Sinodendron rugosum is a species of the family Lucanidae, the stag beetles. It is commonly referred to as the rugose stag beetle, and is the only known member of the genus Sinodendron to occur in western North America.

==Description==
The adults of this species exhibit sexual dimorphism, a common trait in Lucanidae, as well as unopposable clubbed antennae. Both sexes are 11–18 mm in length, black in coloration, and have small mandibles. The pronotum and elytra are covered in many small pits, leading to an overall rugose appearance. The head of the male is much narrower than the pronotum, and has a short, median rhinoceros-like horn. The female either lacks a horn or has a small median tubercle.

==Range==
Sinodendron rugosum is found in moist woodlands from British Columbia to California.
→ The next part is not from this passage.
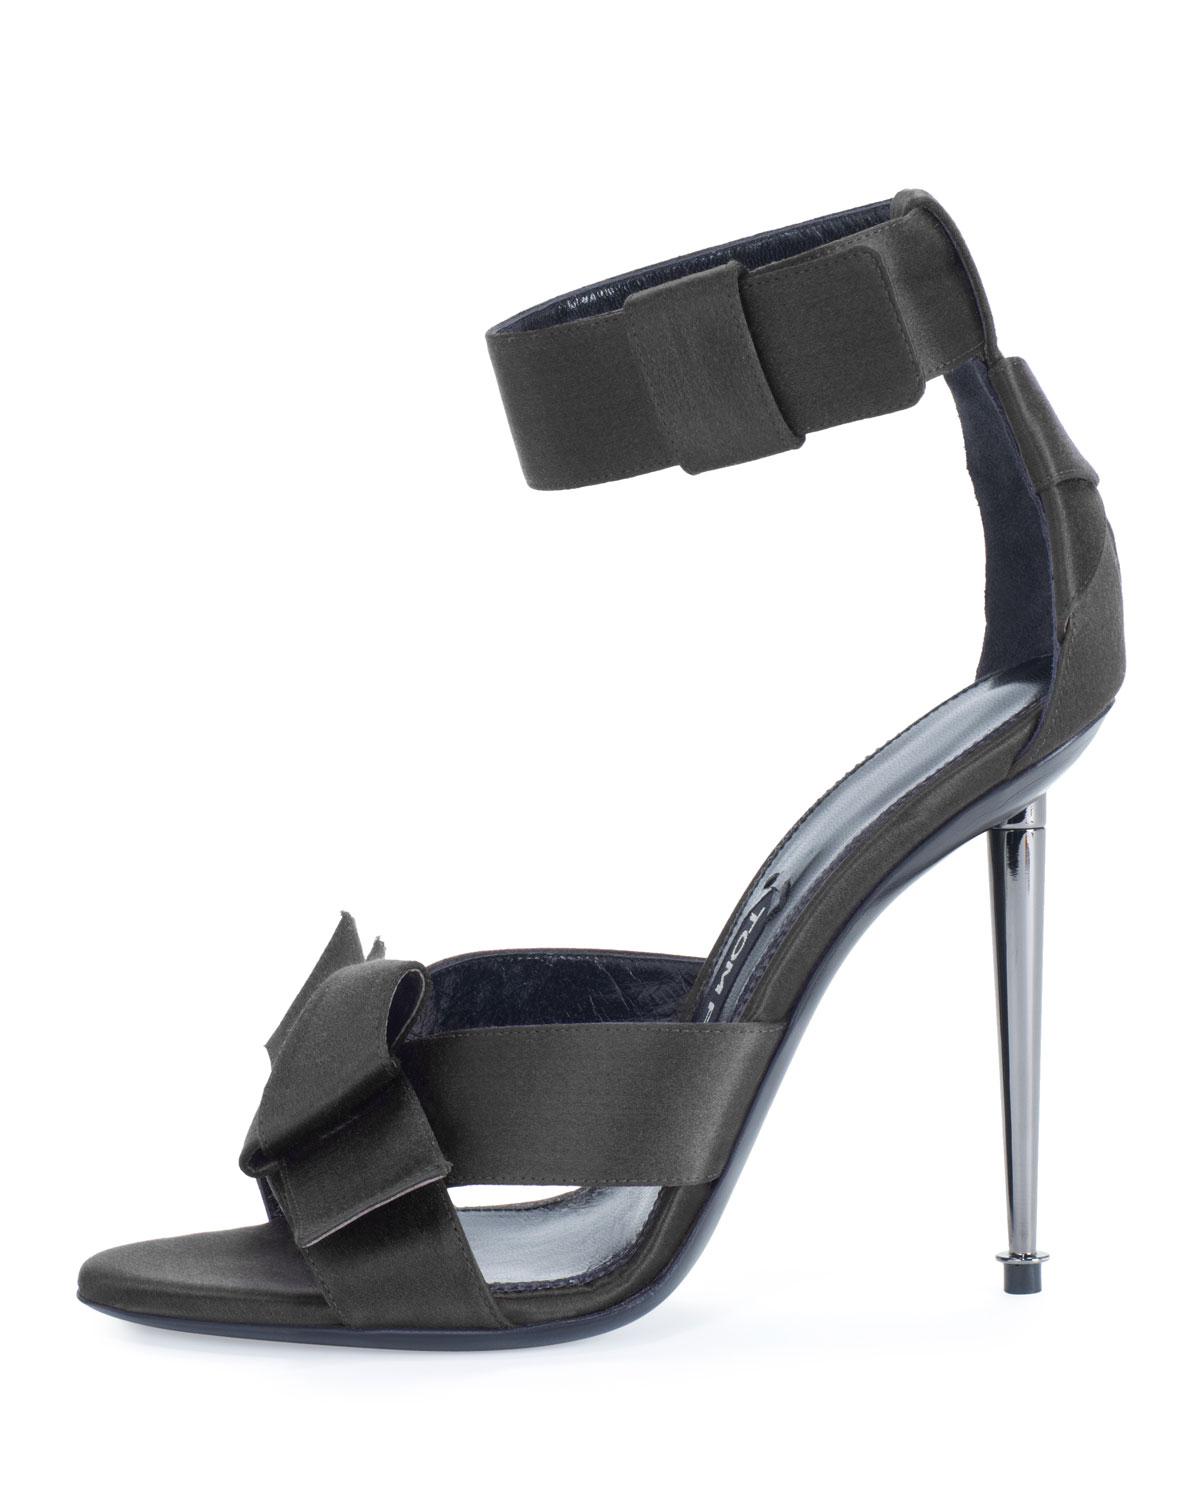 Tom Ford Satin Ankle-strap Sandal in Black - Lyst

Adults are commonly found on the ground from spring to early summer.

==Life history==
The white, C-shaped larvae hatch on bark and tunnel inward, creating pupal chambers in decaying wood. They have been associated with oak, alder, willow and cherry. Adults may feed on plant juices or aphid honeydew. The horn of the male is occasionally used in combat with other males in order to establish dominance when competing for mates.

==Predators==
Sinodendron rugosum has been identified as one of many species eaten by the Northern Spotted Owl Strix occidentalis.